Activity: Set down the data again exactly. Pictures are not part of the copy.

Material provided:
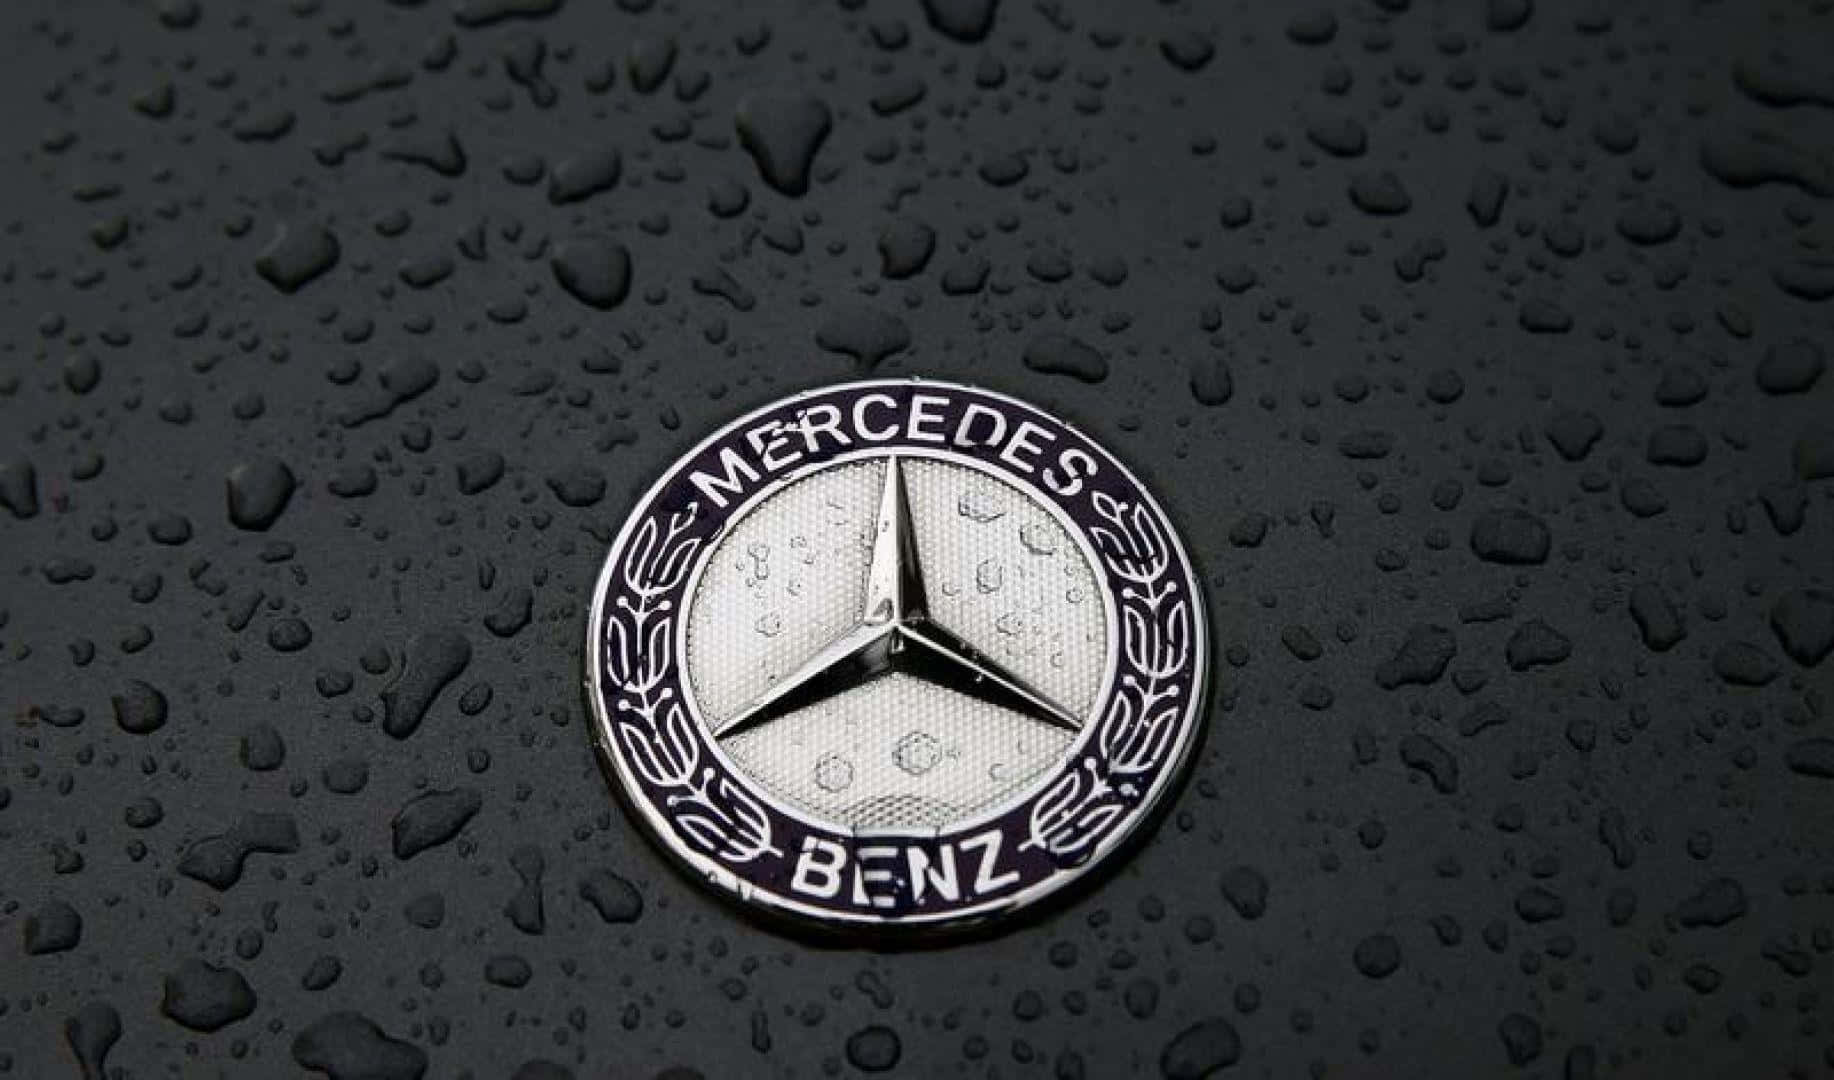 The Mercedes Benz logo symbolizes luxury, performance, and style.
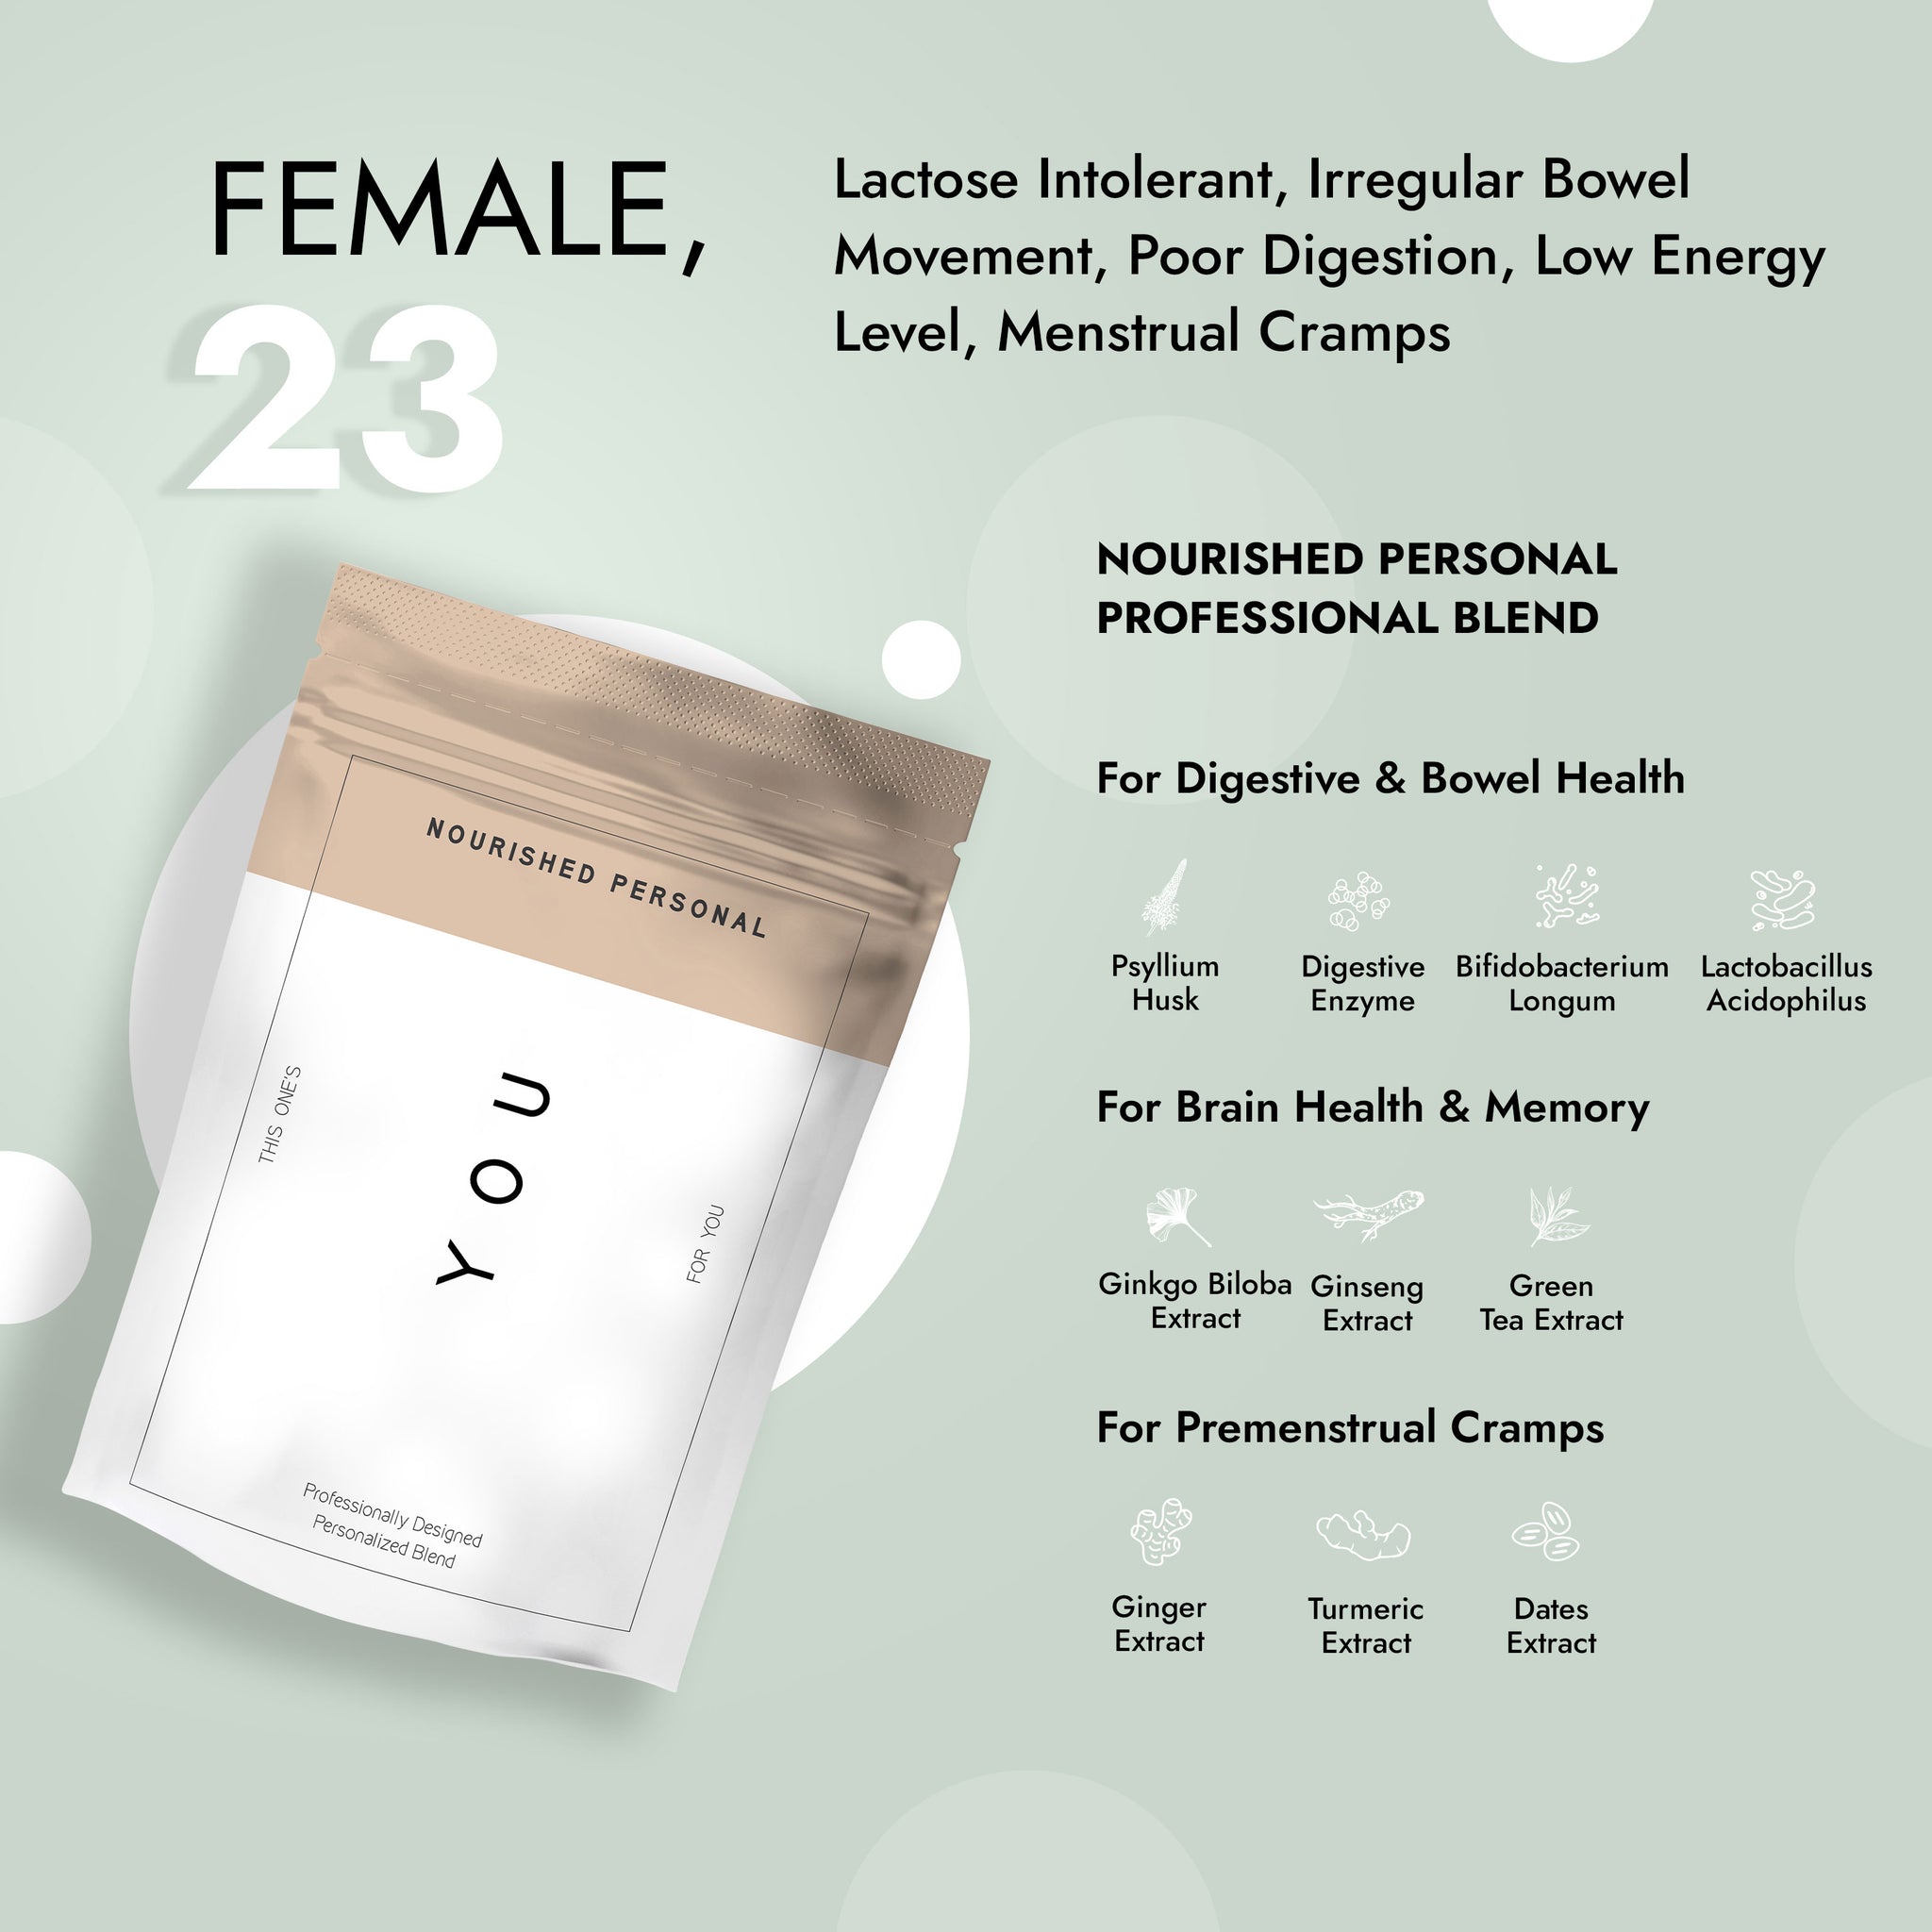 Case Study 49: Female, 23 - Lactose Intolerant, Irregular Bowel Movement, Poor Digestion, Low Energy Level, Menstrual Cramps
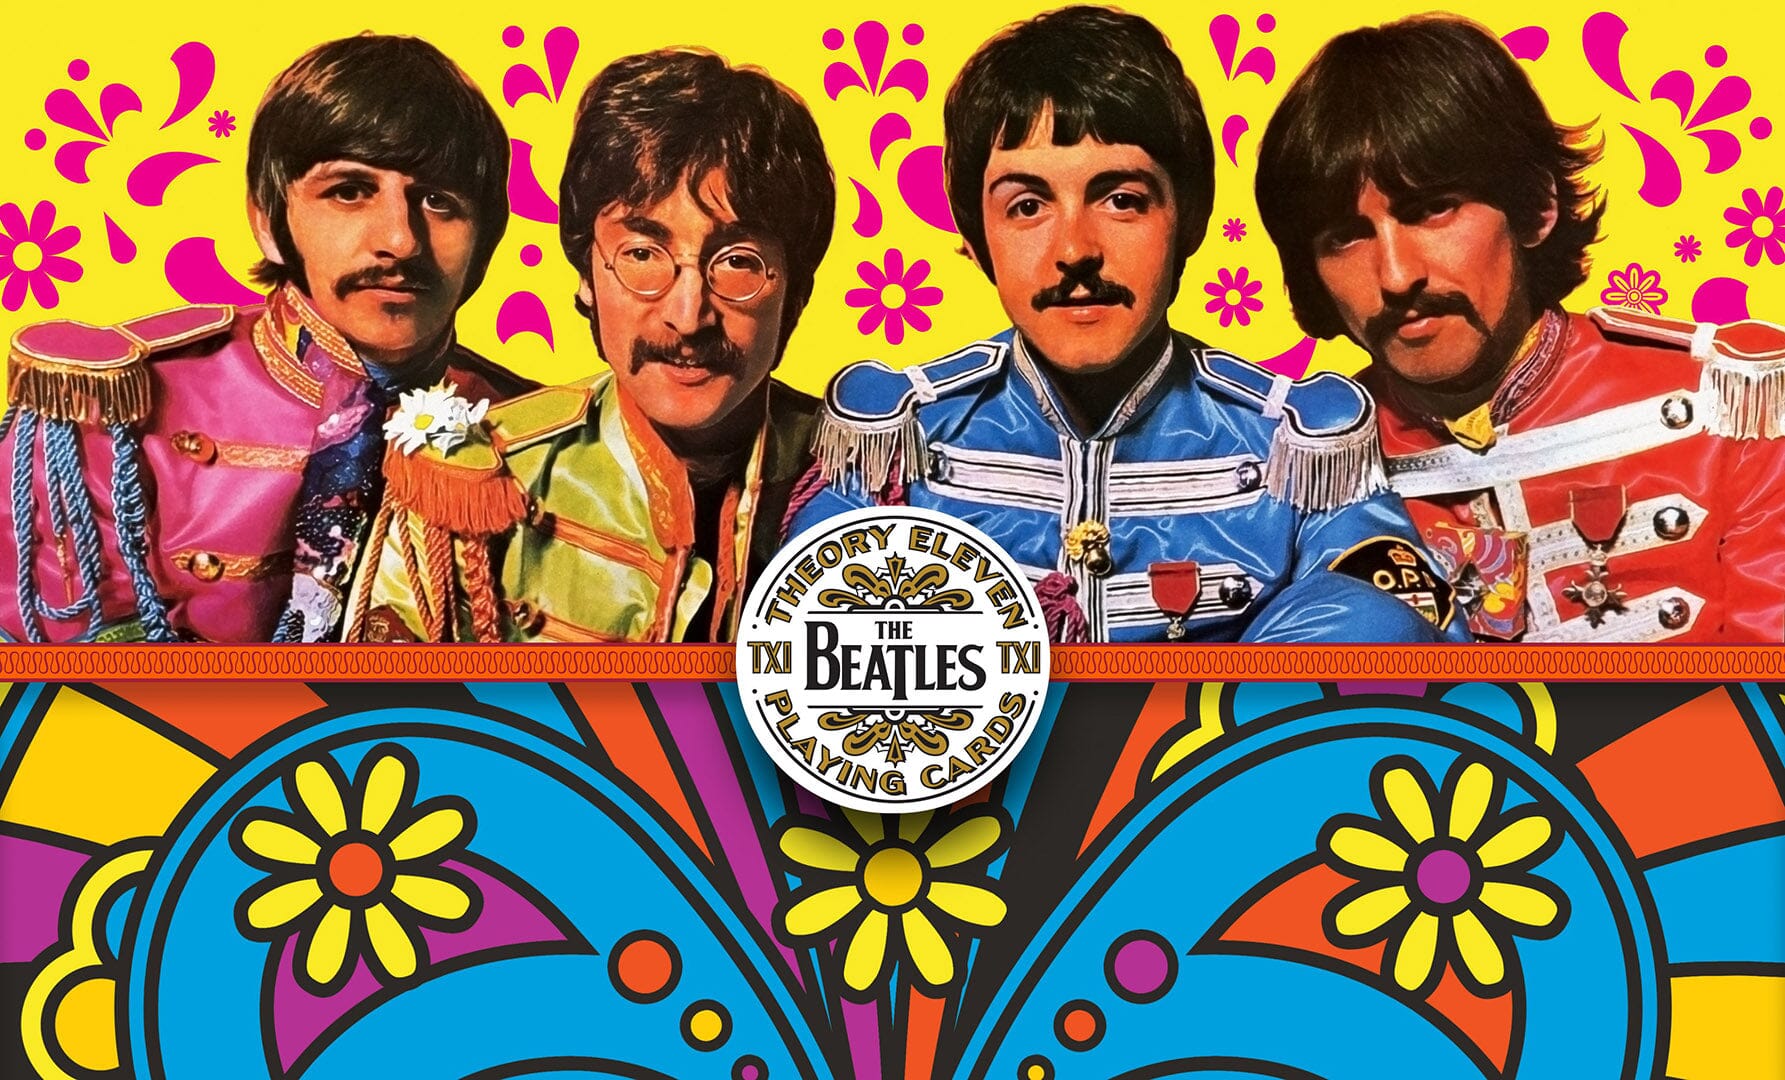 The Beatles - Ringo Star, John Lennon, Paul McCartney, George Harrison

Answer space:
 The Mercedes Benz logo symbolizes luxury, performance, and style.
 Case Study 49: Female, 23 - Lactose Intolerant, Irregular Bowel Movement, Poor Digestion, Low Energy Level, Menstrual Cramps
 The Beatles - Ringo Star, John Lennon, Paul McCartney, George Harrison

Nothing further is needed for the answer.